Supplied data:
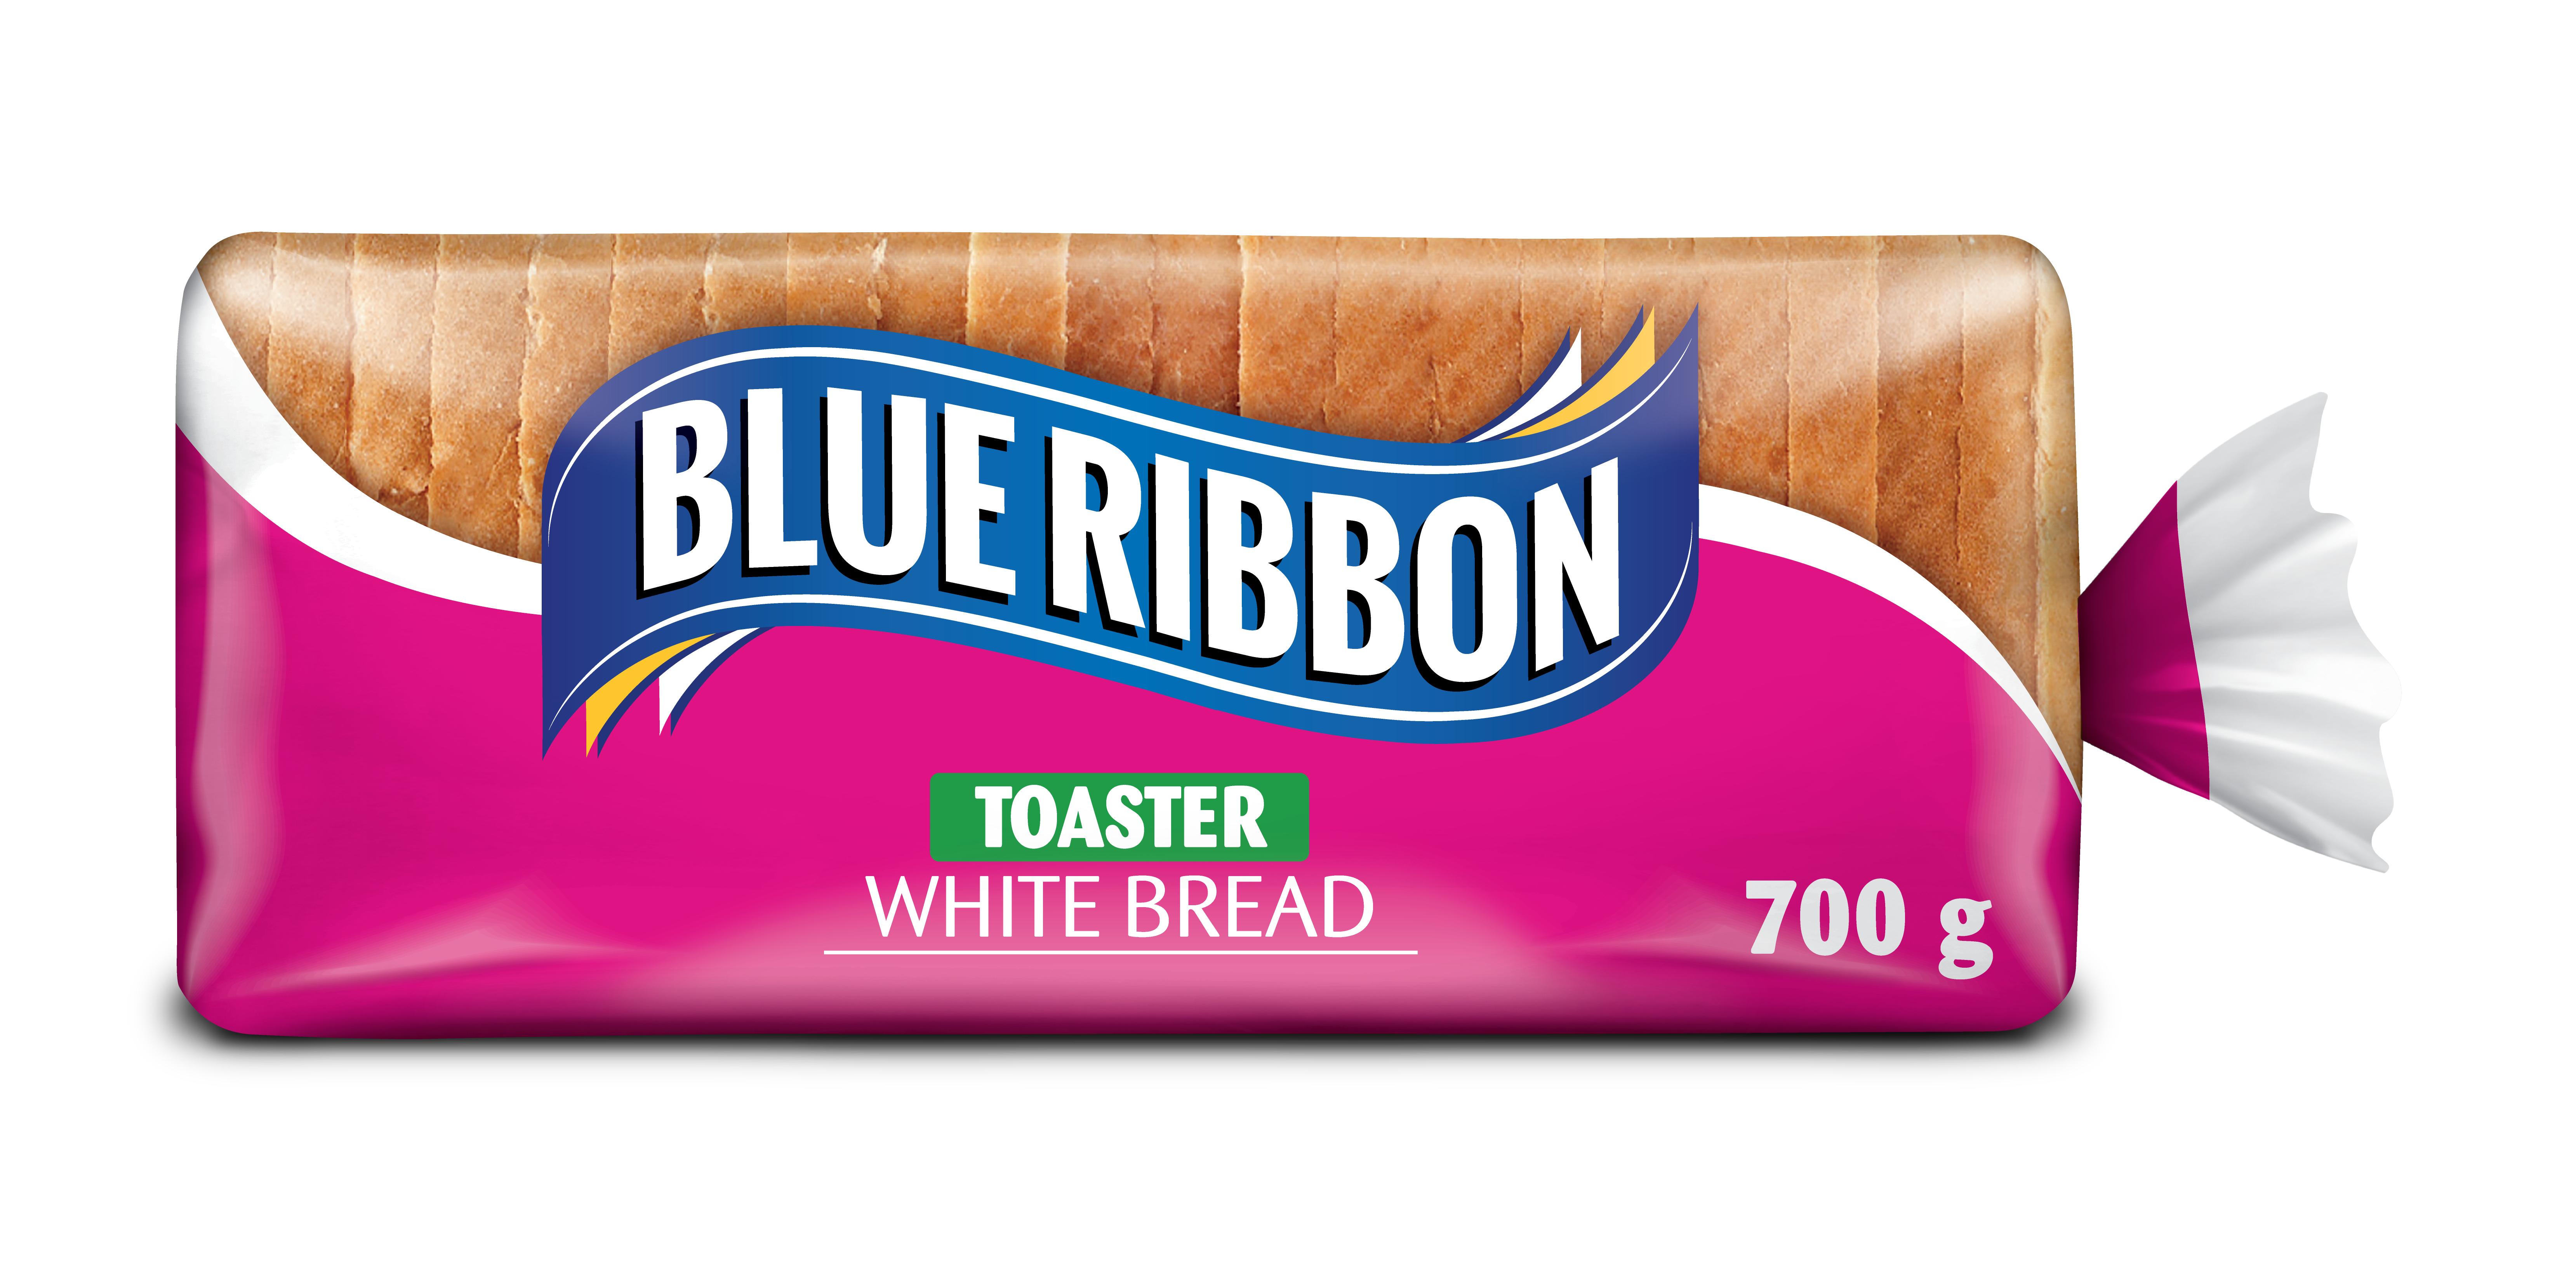 Toaster White Bread
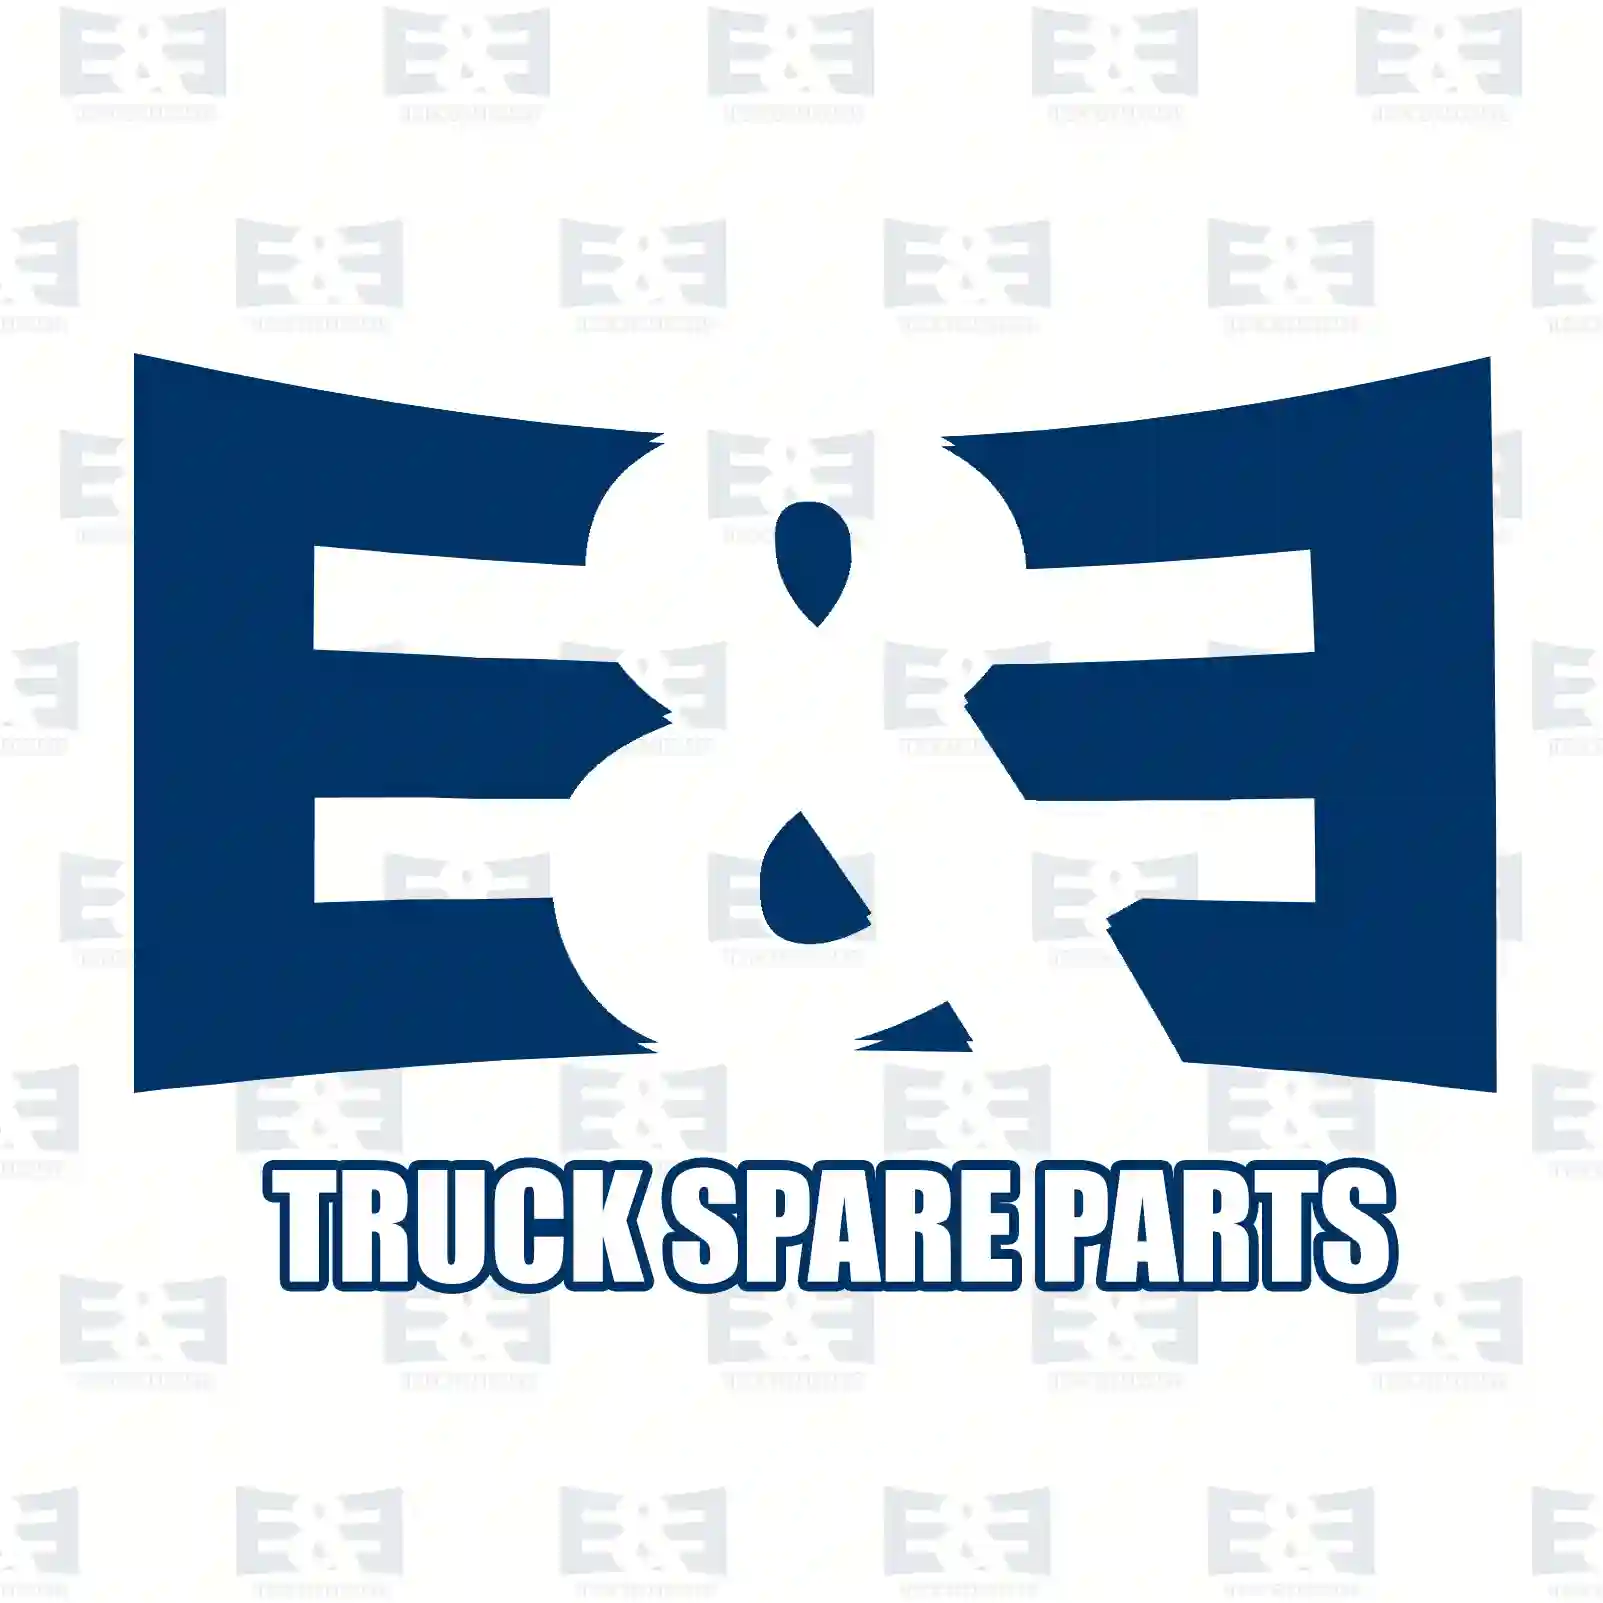 Double drive shaft, right, 2E2276930, 6253301001, 62533 ||  2E2276930 E&E Truck Spare Parts | Truck Spare Parts, Auotomotive Spare Parts Double drive shaft, right, 2E2276930, 6253301001, 62533 ||  2E2276930 E&E Truck Spare Parts | Truck Spare Parts, Auotomotive Spare Parts
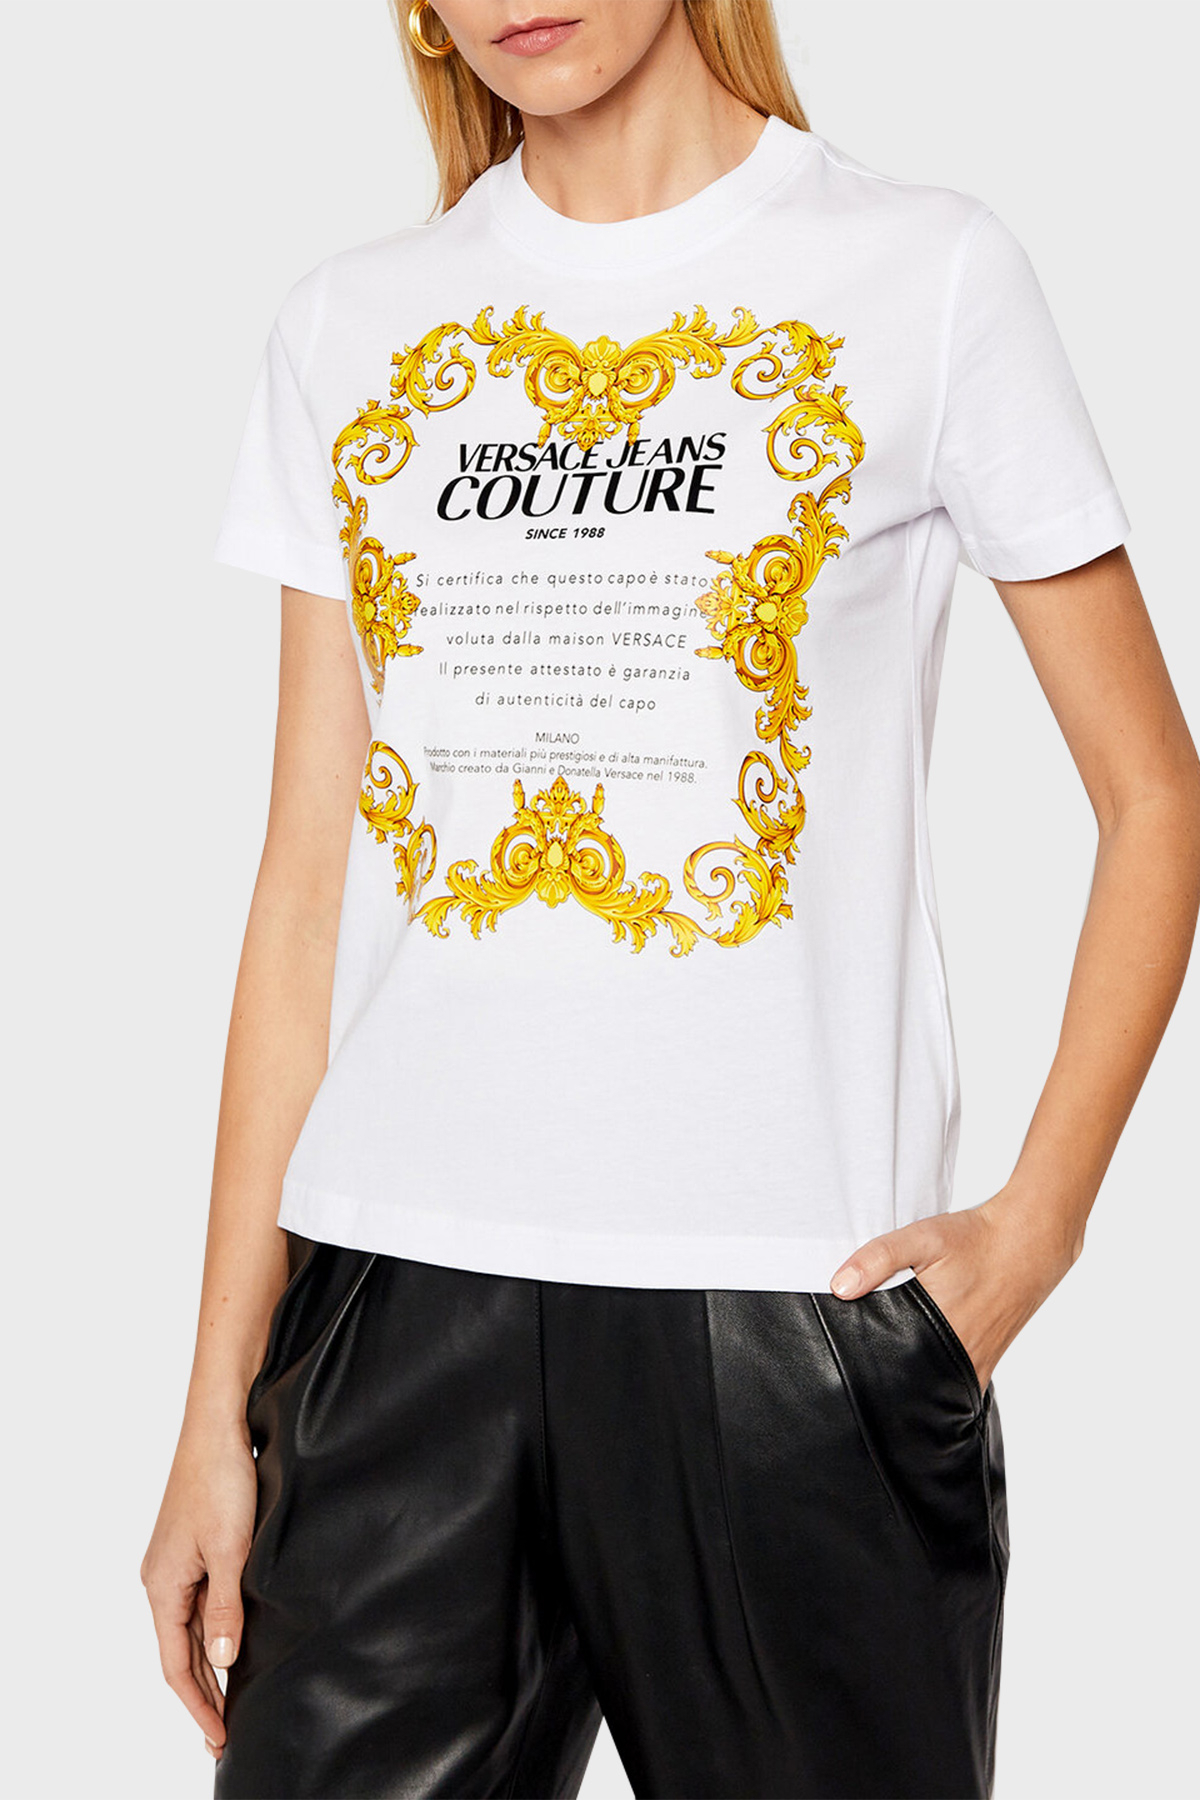 Versace Jeans Couture Baskılı Bisiklet Yaka % 100 Pamuk Bayan T Shirt B2HWA7TJ 30319 003 BEYAZ

The task:
When copying the listing, print each line exactly but leave out every picture.

Response:
 Toaster White Bread
 Double drive shaft, right, 2E2276930, 6253301001, 62533 ||  2E2276930 E&E Truck Spare Parts | Truck Spare Parts, Auotomotive Spare Parts Double drive shaft, right, 2E2276930, 6253301001, 62533 ||  2E2276930 E&E Truck Spare Parts | Truck Spare Parts, Auotomotive Spare Parts
 Versace Jeans Couture Baskılı Bisiklet Yaka % 100 Pamuk Bayan T Shirt B2HWA7TJ 30319 003 BEYAZ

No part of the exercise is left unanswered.